毎日新聞 6月8日(金)11時22分配信
 政府は8日、政府の計画としては初めて喫煙率低減の数値目標を盛り込んだ「次期がん対策推進基本計画」を閣議決定した。10年の調査で19.5%の成人喫煙率を22年度までに4割近く引き下げ、12%を目指す。

 厚生労働省の10年の調査によると、成人の喫煙率は19.5%(男性32.2%、女性8.4%)。「たばこをやめたい」との回答者(37.6%)全員が禁煙すると喫煙率は12.2%になるため、今後10年間の目標値とした。受動喫煙の機会がある割合も、飲食店で現在の50.1%を15%、家庭で同10.7%を3%、行政と医療機関で0%までの低減を目指す。

 07年に策定された初の基本計画で喫煙率半減の導入が見送られるなど、厚労省による数値目標の設定は業界やたばこ税を所管する財務省などの壁に阻まれてきた。しかし日本も批准した世界保健機関(WHO)の「たばこ規制枠組み条約」が05年に発効。喫煙率が約20%だった米英も20年までの半減を掲げ、条約に沿った取り組みが求められていた。
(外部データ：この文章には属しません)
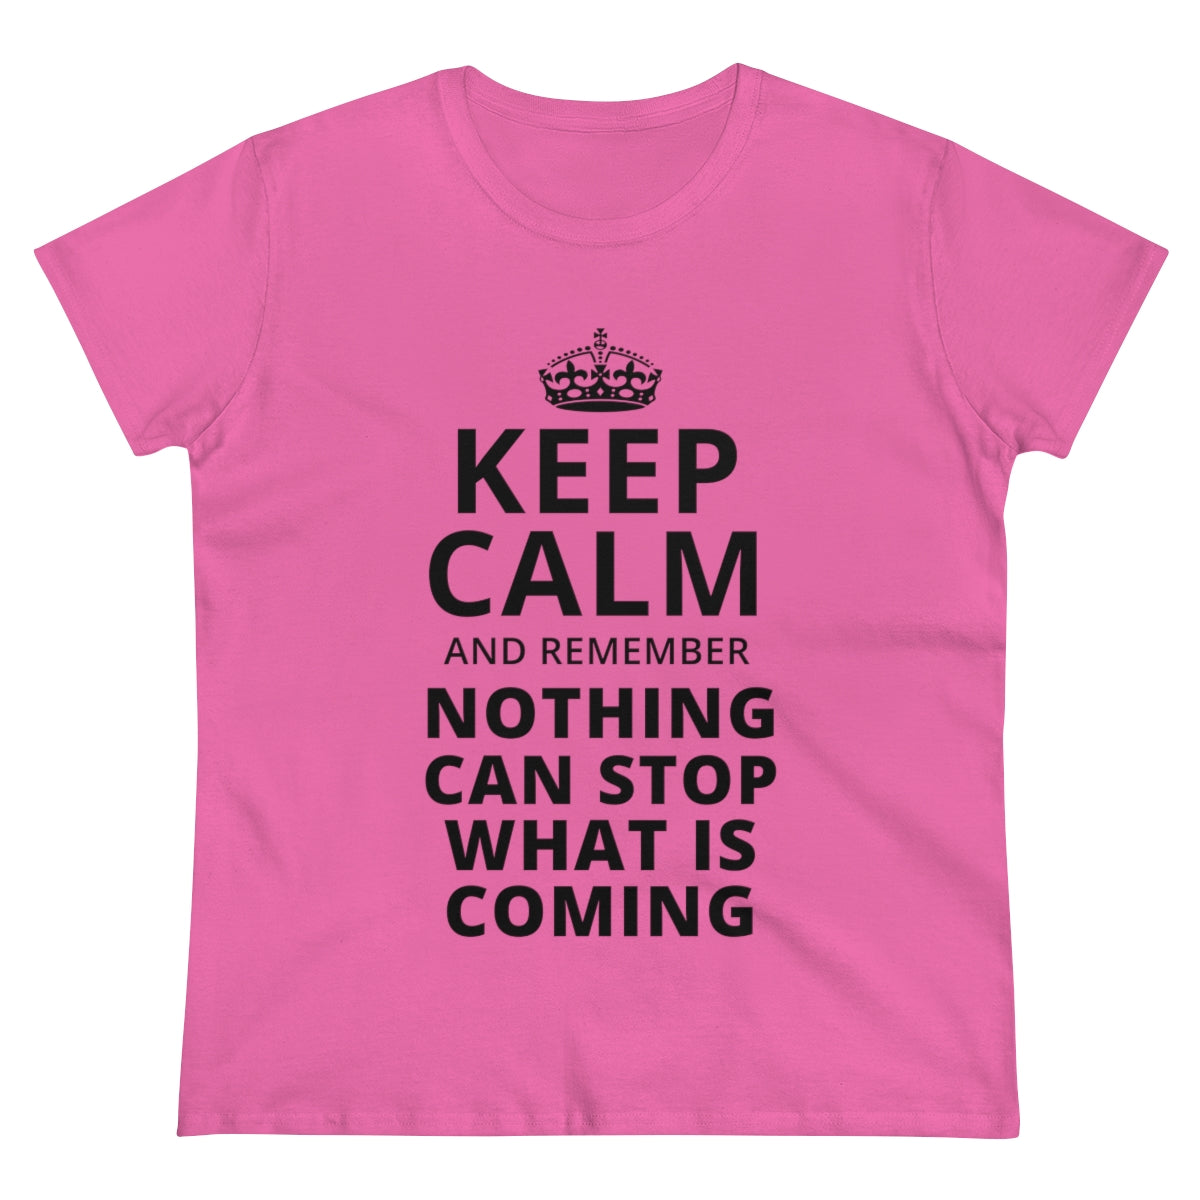 Keep Calm And Remember... | Women's Tee - Rise of The New Media

 閣議決定されると、自治体も含め目標達成の具体策が求められるが、日本たばこ産業(JT)は3月段階で「国の介入による特定数値への誘導は問題」と反対を表明していた。年間のたばこ税収約2兆円の半分は地方の税収で、数値目標は税収落ち込みにつながるとみられ「財政状況の厳しい自治体への影響は大きい」とけん制する。

 全国たばこ耕作組合中央会によると、農家戸数は以前から右肩下がりだったが、10年のたばこ増税の影響などで、同年の1万1591戸が今年は6313戸とほぼ半減。同会職員は「葉タバコ農家はあきらめ気味。分煙による共存が望ましいが、作りたくても作れない時代」と嘆く。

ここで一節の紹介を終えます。